Tras respirar profundamente para intentar escucharle en lugar de tomarlo a mal respondió:

-Claro Aang, pasa.-El maestro del aire entró, cerrando la puerta tras de sí.

-Lo siento mucho Katara, yo… nunca debí haber hecho algo así.-Clavó sus ojos en los de ella, suplicantes de perdón.-No quiero que estés enfadada conmigo.

-Ahora mismo no quiero pensar en estas cosas.

-Pero…¿Quizás después de la guerra?-La cara de Aang se iluminó con una sonrisa llena de esperanza.

-Quizás.-No quería hacer promesas, no quería decirle un contundente "no".-Pero por ahora… sigues siendo el mejor amigo que has sido para mí este último año Aang.-Lo abrazó, como una madre abraza a su hijo, como una hermana abraza a su hermanito pequeño. Se creó en la habitación un silencio sepulcral, interrumpido por unos golpes en la puerta.

-'Tara, ¿Puedo hablar contigo?

La voz del príncipe. Tras toda la tarde dando vueltas en la cama y quemando algunas de las cosas que quedaban por la casa que le recordaban a su familia (más que nada para desahogarse) había llegado a la conclusión de que lo mejor que podía hacer era hablar con ella. Por supuesto no de lo que había visto esta tarde, sino de cualquier cosa. Sólo quería asegurarse de que nada había cambiado entre ellos. Y no podía esperar para hacerlo, por eso en esta ocasión había decidido venir a buscarla.

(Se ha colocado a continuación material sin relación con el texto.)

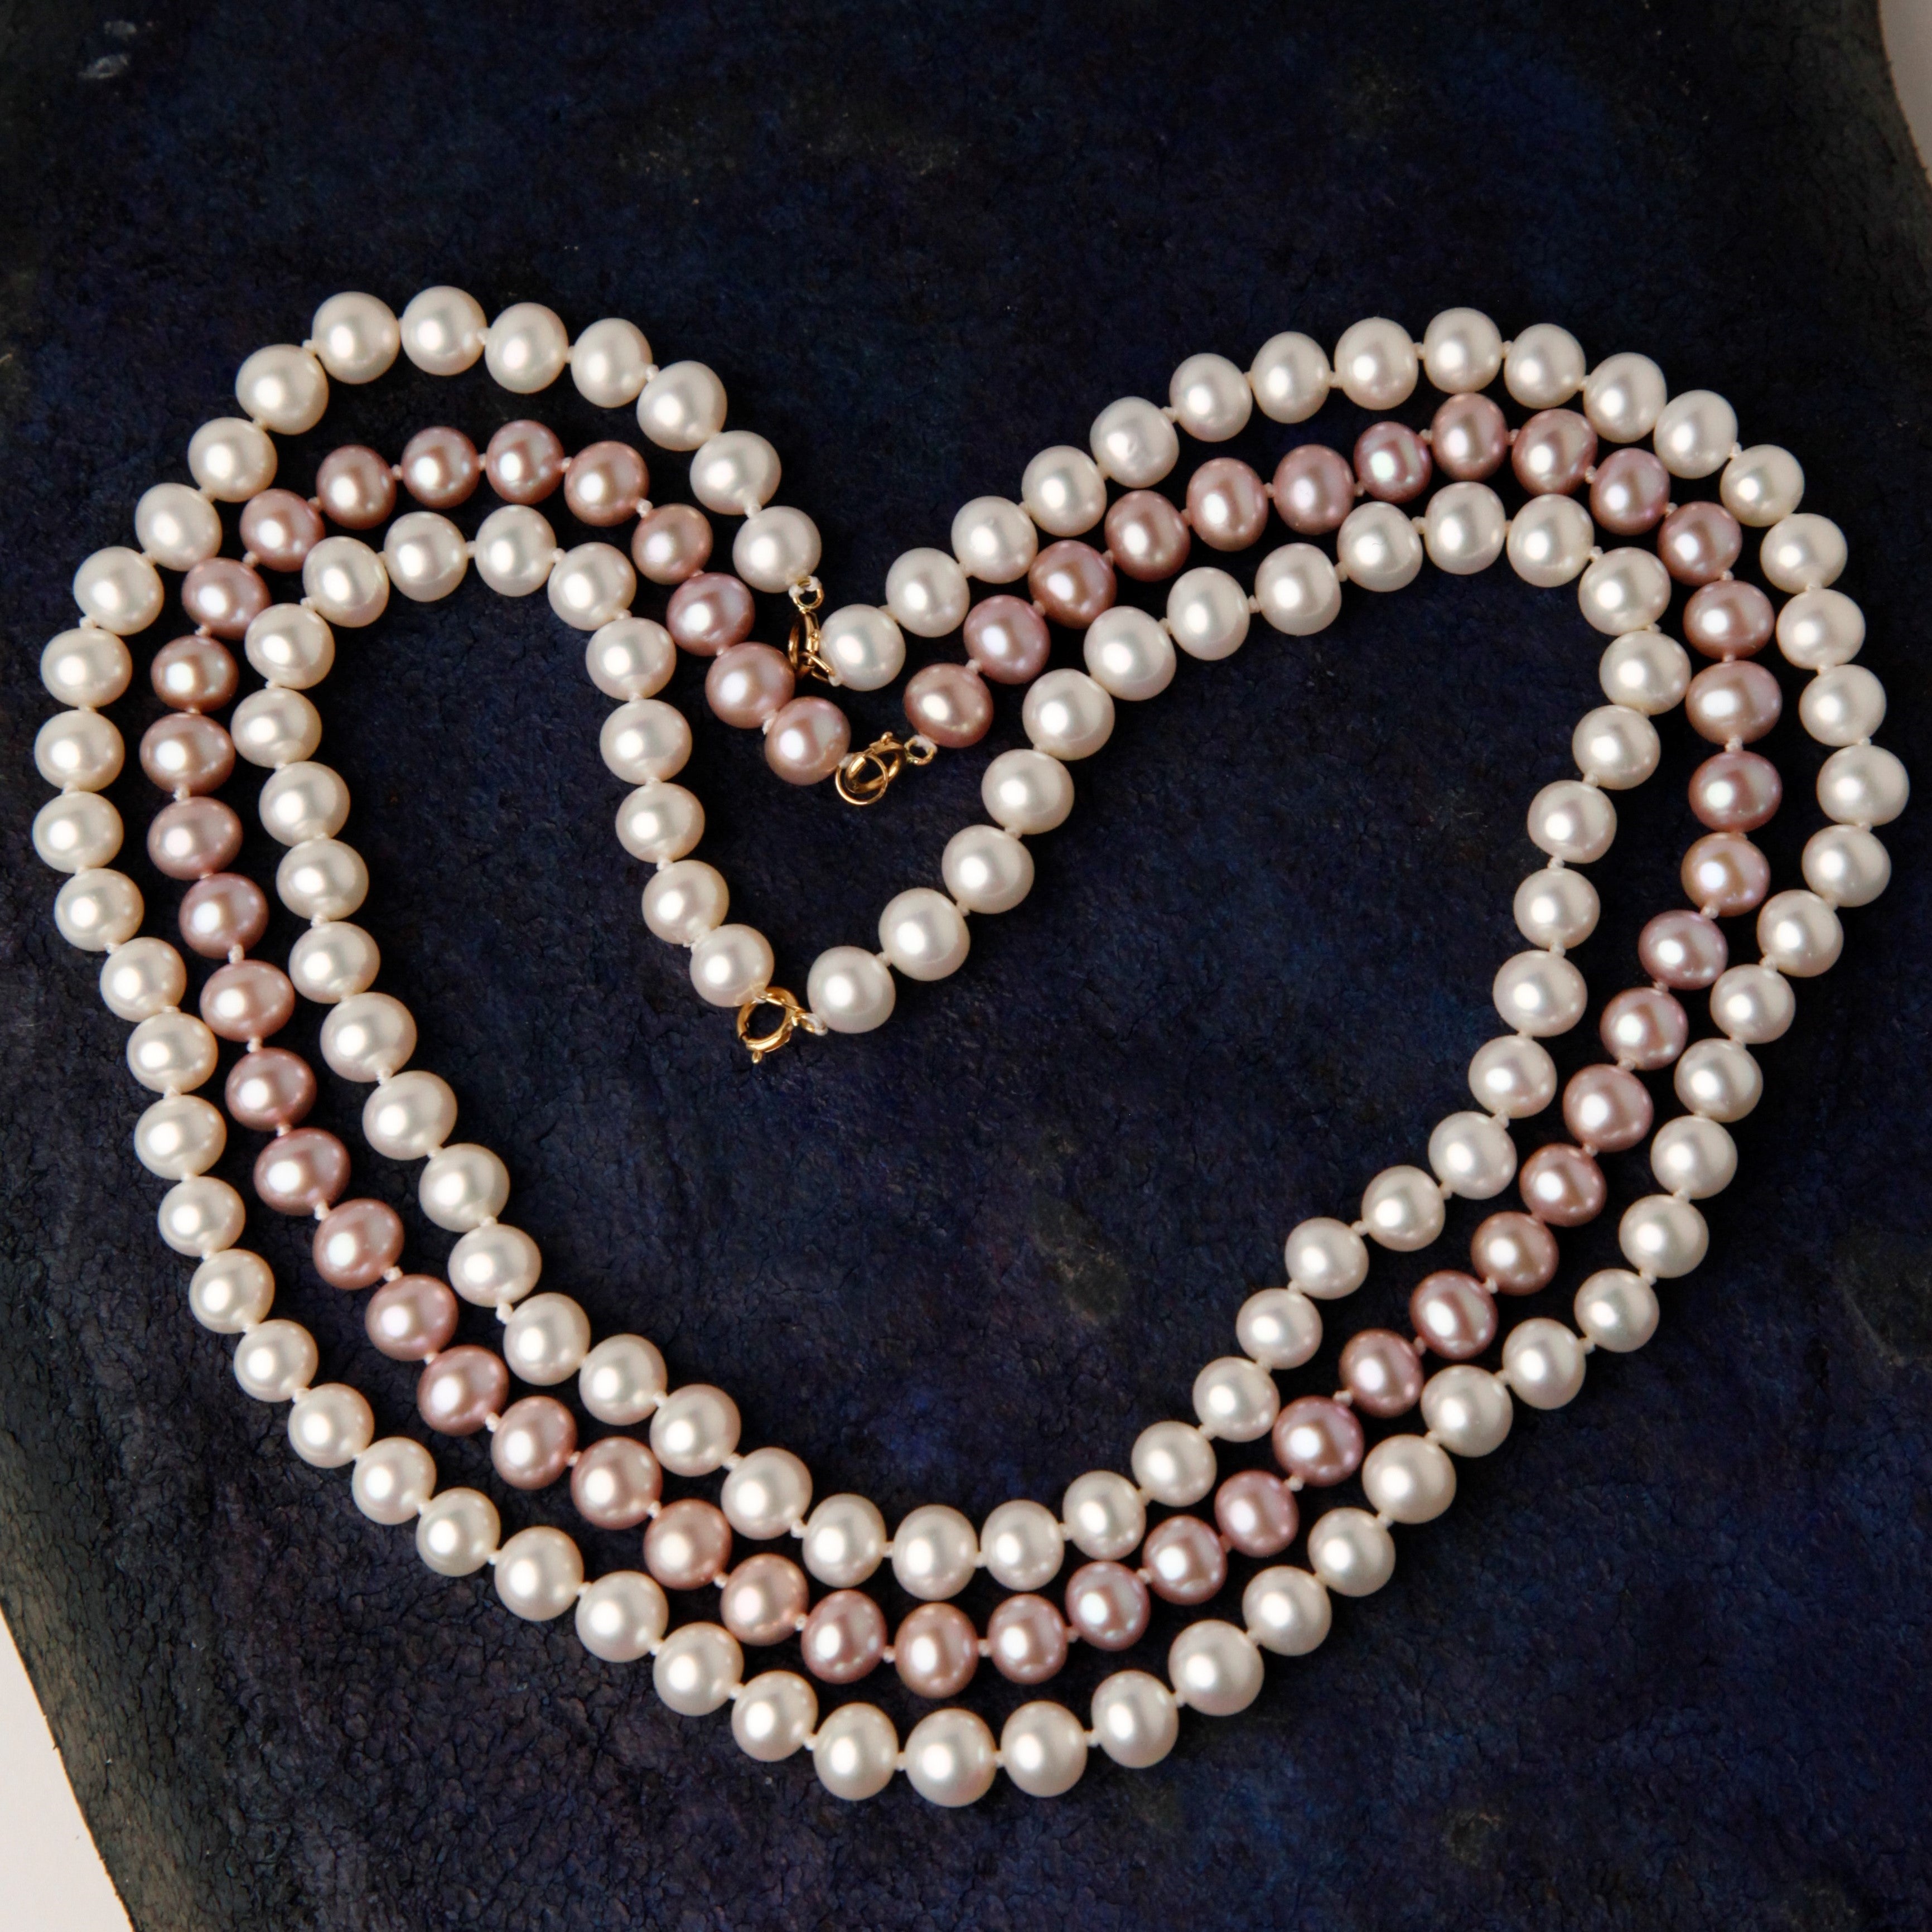 Classic Pearl Necklace & Bracelet Set- Purple

-¿'Tara?-El maestro del aire arqueó una ceja. Nunca había escuchado a Zuko llamar así a Katara. Nunca había escuchado a nadie llamar así a Katara. ¿Cómo le dejaba tantas confianzas?

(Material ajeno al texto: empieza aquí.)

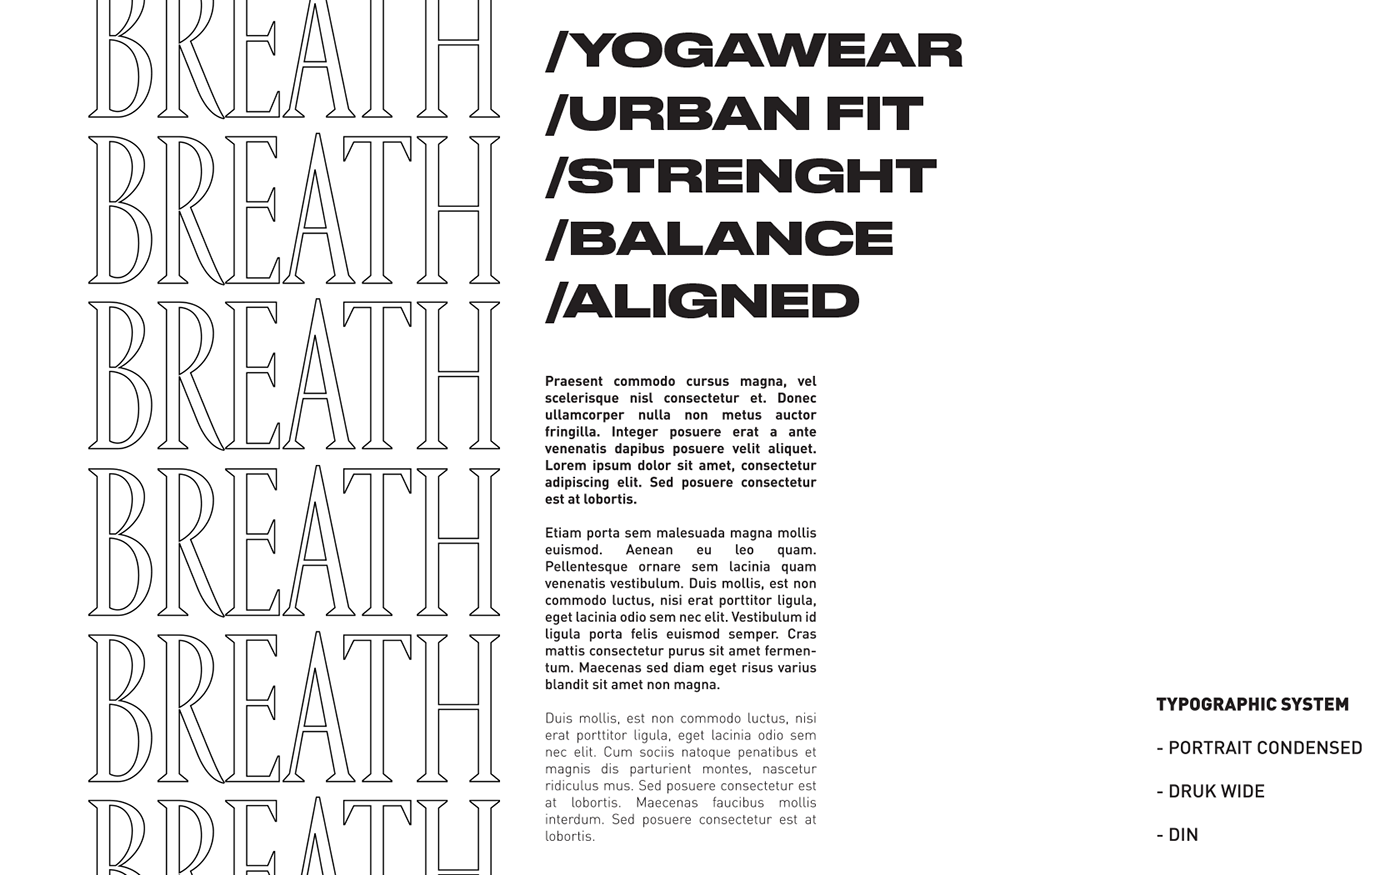 apparel branding  easyeasyeasy Fashion  graphic design  Yoga yogawear

-Es sólo un mote cariñoso Aang.

-¡¿Cómo le dejas ponerte un "mote cariñoso"?!-Prácticamente estaba chillándole.-Ni siquiera dejas a Toph ponerte motes y ¿lo dejas a él?¿El chico que siempre decías que era tu mayor enemigo?¿Al que decías que no ibas a dejar de vigilar porque no te fiabas de que pudiese secuestrarme por la espalda?

-¡Aang!-A pesar de su grito no la dejó continuar.

-¿Es por él que me estabas diciendo que estabas confundida Katara?

Zuko decidió abrir la puerta al escuchar la discusión.

-Aang ya basta. No estás hablando tú, están hablando tus celos. Entre Katara y yo no hay nada más que amistad. Además, en algún momento me reuniré con Mai. Así que deja de acusarnos de tonterías por tus celos infundados.

Katara sintió como un puñal atravesándole el pecho. Definitivamente no quería estar ahora mismo aquí, no quería estar viendo esta situación, no quería estar escuchando ninguna de estas palabras.

El maestro del aire no tuvo más opción que bajar la cabeza y aceptar que tenía razón.

-Lo siento Zuko, Katara, me he dejado llevar. Creo que si no tuviese bloqueados mis chakras incluso habría entrado en modo avatar.-Se rascó la cabeza nervioso.-Katara, de verdad lo siento muchísimo.-Le cogió la mano y más rápido de lo que había llegado la mano de Katara se separó.-Hoy no hago más que meter la pata.-Salió de la habitación cabizbajo, cerrando la puerta tras de sí.

Katara soltó un suspiro que ni siquiera sabía que estaba reteniendo.

-Sinceramente Zuko, no sé si necesito más estar sola o una noche contigo quejándome del desastre de día que ha sido hoy.

-Sinceramente Katara, yo venía a por la segunda opción.

Su sonrisa parecía tan dolida como la de ella cuando sus ojos se encontraron, pero eso no les impidió seguir sonriendo.